(C) 2016-2018 by Damir Cavar <dcavar@iu.edu>
This code and the binaries are made available under the Apache License, Version 2.0, January 2004. For details see the included LICENSE.txt file.
This is a tool that reads treebank files and generates a probabilistic grammar for use in FLE.
Currently it can generate all Context-free Grammar rules from a treebank in the Penn-treebank format.
Take for example the test1.txt file in the current source repository. You can run treebankparser to generate a frequency profile of the rules:
./treebankparser -y S test1.txt
The -y S parameter generates an S-symbol for empty root nodes, as in test1.txt. The default is to generate ROOT as the label for such root nodes.
The out put should look like this:
1 ADJP --> JJ
1 IP-HLN --> VP
1 JJ --> 重要
1 NN --> 企业
1 NN --> 增长点
1 NN --> 外商
1 NN --> 外贸
1 NN --> 投资
2 NP --> NN
1 NP --> NP
1 NP-OBJ --> NP
1 NP-PN --> NR
1 NP-SBJ --> NN NN NN
1 NR --> 中国
1 S --> IP-HLN
1 VP --> NP-OBJ
1 VV --> 成为
The probability is tab-delimited from the rule. It can also be generated as a float using the -r parameter:
./treebankparser -r -y S test1.txt > res.log
The output should look like:
0.0555556 ADJP --> JJ
0.0555556 IP-HLN --> VP
0.0555556 JJ --> 重要
0.0555556 NN --> 企业
0.0555556 NN --> 增长点
0.0555556 NN --> 外商
0.0555556 NN --> 外贸
0.0555556 NN --> 投资
0.111111 NP --> NN
0.0555556 NP --> NP
0.0555556 NP-OBJ --> NP
0.0555556 NP-PN --> NR
0.0555556 NP-SBJ --> NN NN NN
0.0555556 NR --> 中国
0.0555556 S --> IP-HLN
0.0555556 VP --> NP-OBJ
0.0555556 VV --> 成为
The rules are printed to standard out with absolute or relative frequencies.
I am adding more features, e.g.:
- reloading existing grammars (multi-batch cycles for larger corpus collections)
- elimination of terminal rules
- parsing alternative coding formats for syntactic trees or treebanks (e.g.
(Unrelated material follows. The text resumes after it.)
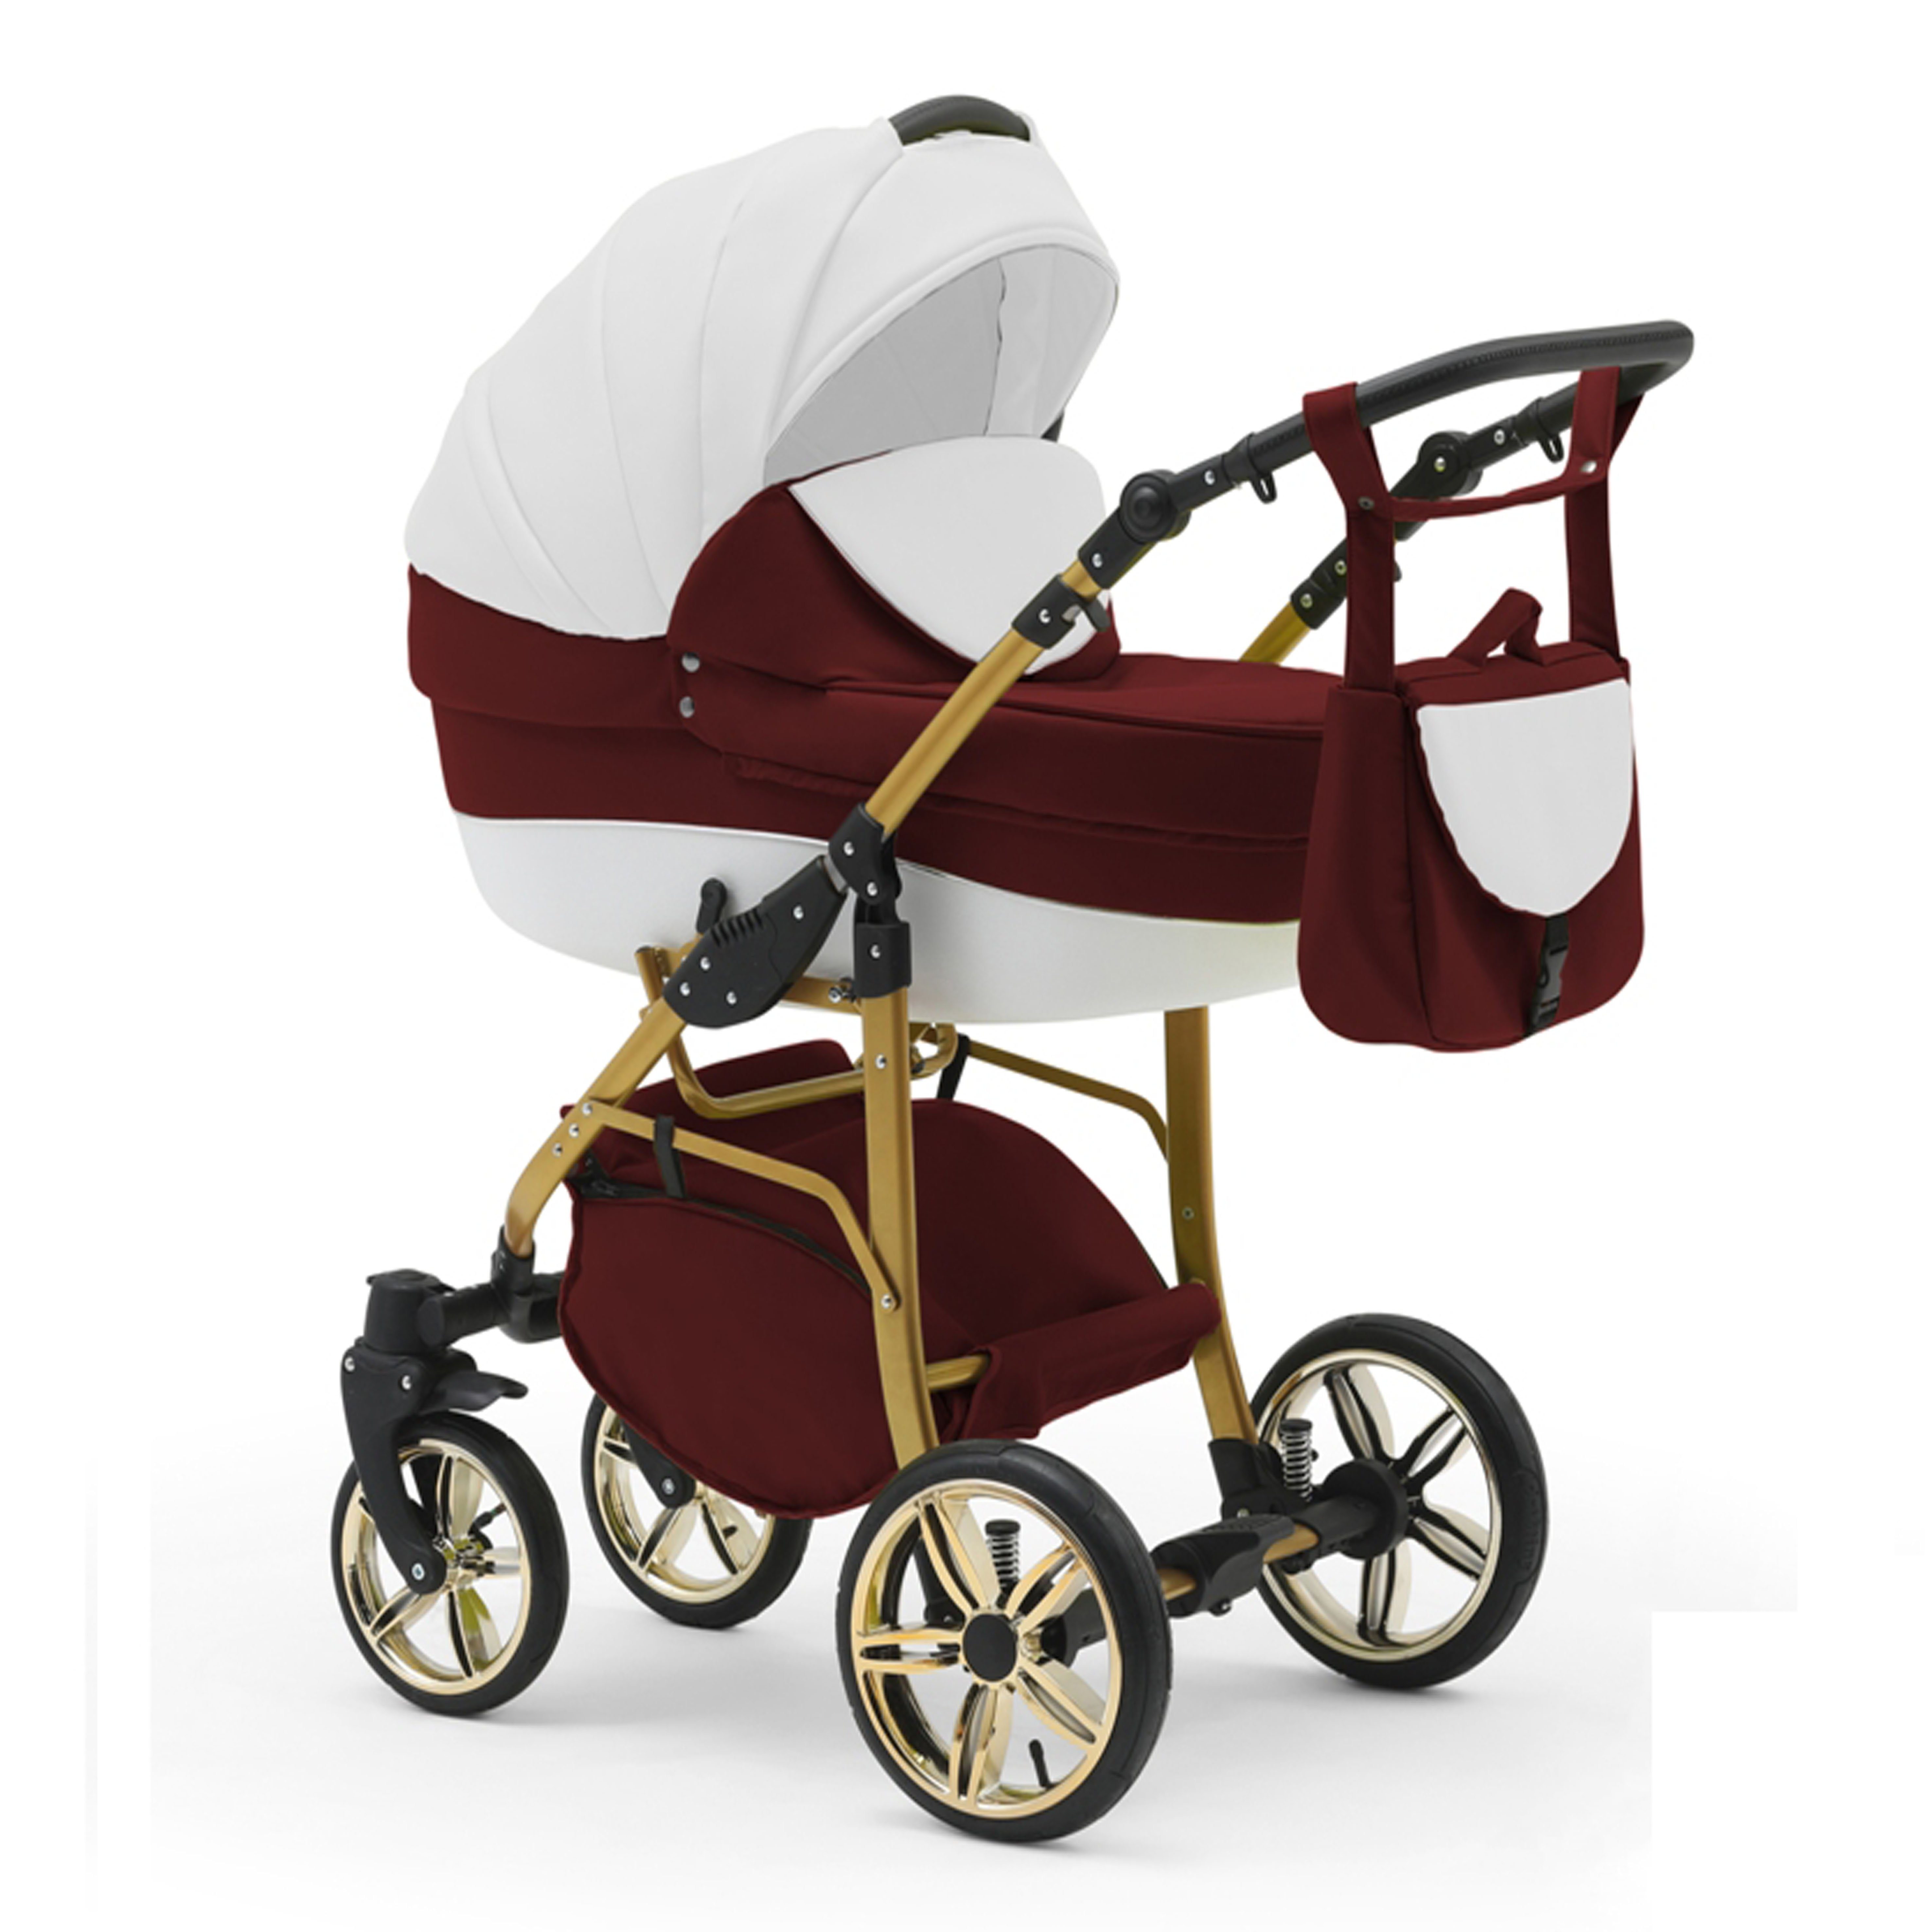 1 Cosmo - ECO 46 in in Teile Weiß-Bordeaux-Weiß Farben Gold babies-on-wheels - Kinderwagen-Set Kombi-Kinderwagen 13 2

XML, TEI XML)
- output probabilities for Left-hand-side symbols only, rather than rules
- generation of a Weighted Finite State Transducer representation, as coded in FLE
If you have ideas or suggestions, let me know.
The tool is written in C++11 and requires the following libraries:
Use CLion or otherwise run:
cmake CMakeLists.txt
make